Kevin also considers the case of Giuseppa Santoro v Comune di Valderice, Presidenza del Consiglio dei Ministri Case C-494/16, CJEU whereby the CJEU was asked for a preliminary ruling on the interpretation of clause 5(1) of the Framework Agreement annexed to Council Directive 1999/70/EC, the purpose of which is to place limits on successive recourse to fixed-term employment contracts or relationships which are regarded as a potential source of abuse to the detriment of workers. Kevin states fixed-term contracts are common in many workplaces but warns that employers need to act with care to ensure that a chain of successive fixed-term contracts does not create a breach of EU law.
Carlos Enrique Ruiz Conejero v Ferroser Servicios Auxiliares SA and Ministerio Fiscal Case C-270/16, CJEU
Key Issues: Social Policy – equal treatment – disability
Case: Carlos Enrique Ruiz Conejero v Ferroser Servicios Auxiliares SA,Ministerio Fiscal,
Reference: Case C-270/16, CJEU (Third Chamber), 18 January 2018
Legislation: Directive 2000/78/EC
On 2 July 1993, Mr Ruiz Conejero was hired to work as a cleaning agent in a hospital in Cuenca (Spain), which is in the region of Castile-La Mancha (Spain). He was last employed in that post by the cleaning company Ferroser Servicios Auxiliares. Mr Ruiz Conejero had worked for this company without incident, as he had for the companies that had employed him previously.
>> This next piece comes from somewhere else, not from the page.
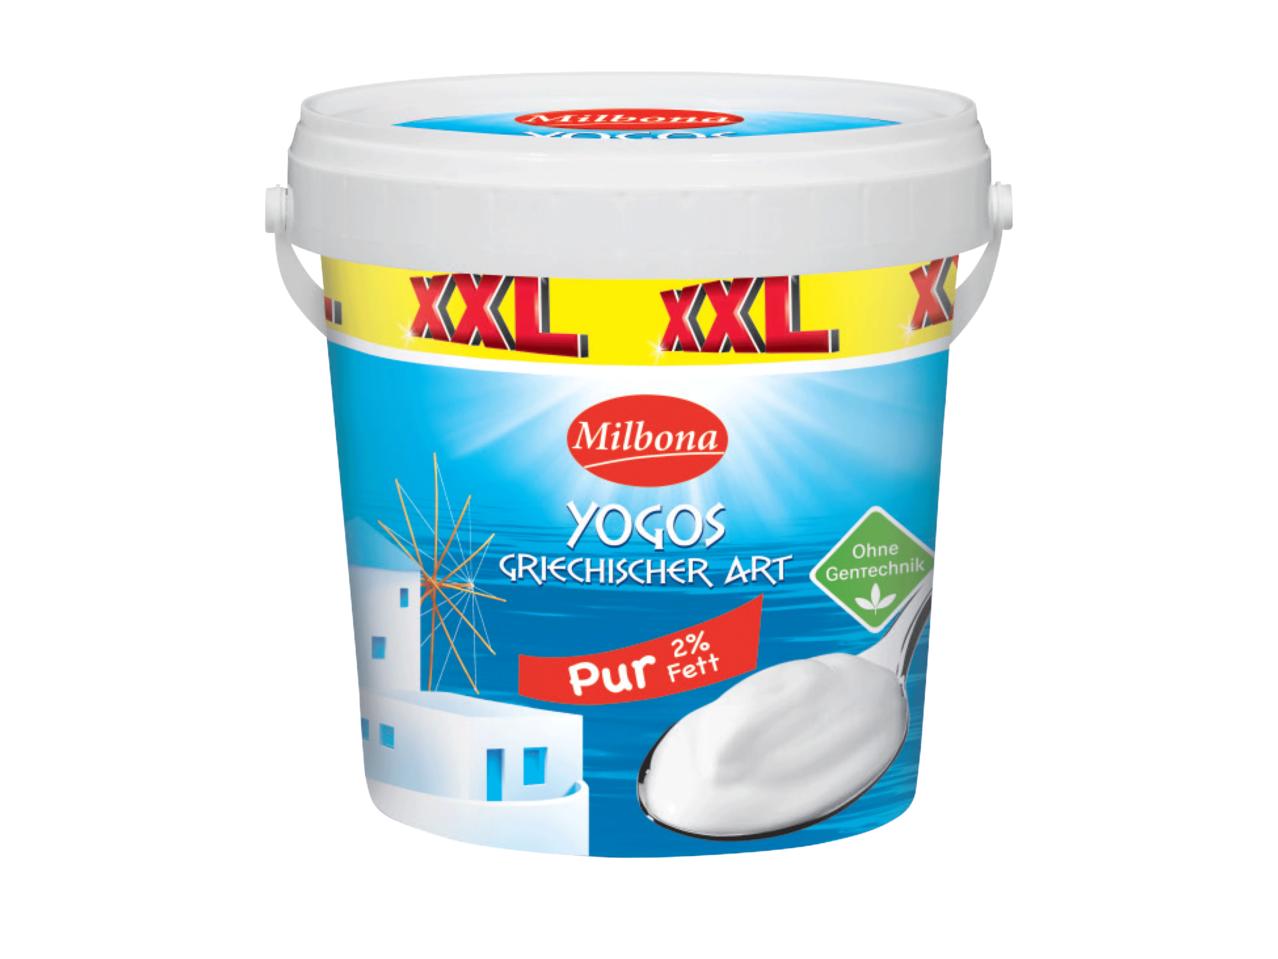 MILBONA Low Fat Greek Style Yogurt

He never had any work-related problems nor had he been disciplined.
The Spanish authorities recognised that Mr Ruiz Conejero had a disability. The degree of his incapacity was set at 37%, of which 32% related to physical disability, characterised by disease of the endocrine-metabolic system (obesity) and functional limitation of the spine, the other 5% being made up of additional social factors. Between 2014 and 2015, Mr Ruiz Conejero was unfit for work during the following periods:
– from 1 to 17 March 2014 for acute pain requiring hospitalisation from 26 February to 1 March 2014;
– from 26 to 31 March 2014 for dizziness/nausea;
– from 26 June to 11 July 2014 for lumbago;
– from 9 to 12 March 2015 for lumbago;
– from 24 March to 7 April 2015 for lumbago; and
– from 20 to 23 April 2015 for dizziness/nausea.
According to the medical diagnosis, these health problems were caused by degenerative joint disease and polyarthrosis, aggravated by Mr Ruiz Conejero’s obesity. The medical services concluded that those problems were the result of the diseases which led to the recognition of Mr Ruiz Conejero’s disability. Mr Ruiz Conejero informed his employer, within the period and in the manner prescribed, of all the absences, by providing the relevant medical certificates confirming the reason for, and duration of, those absences.
By letter of 7 July 2015, Ferroser Servicios Auxiliares informed Mr Ruiz Conejero of his dismissal on the ground that the cumulative duration of his absences, albeit justified, had exceeded the limits laid down in the relevant Spanish law, namely, 20% of working time during March and April 2015, and that during the previous 12 months he had been absent for 5% of working time.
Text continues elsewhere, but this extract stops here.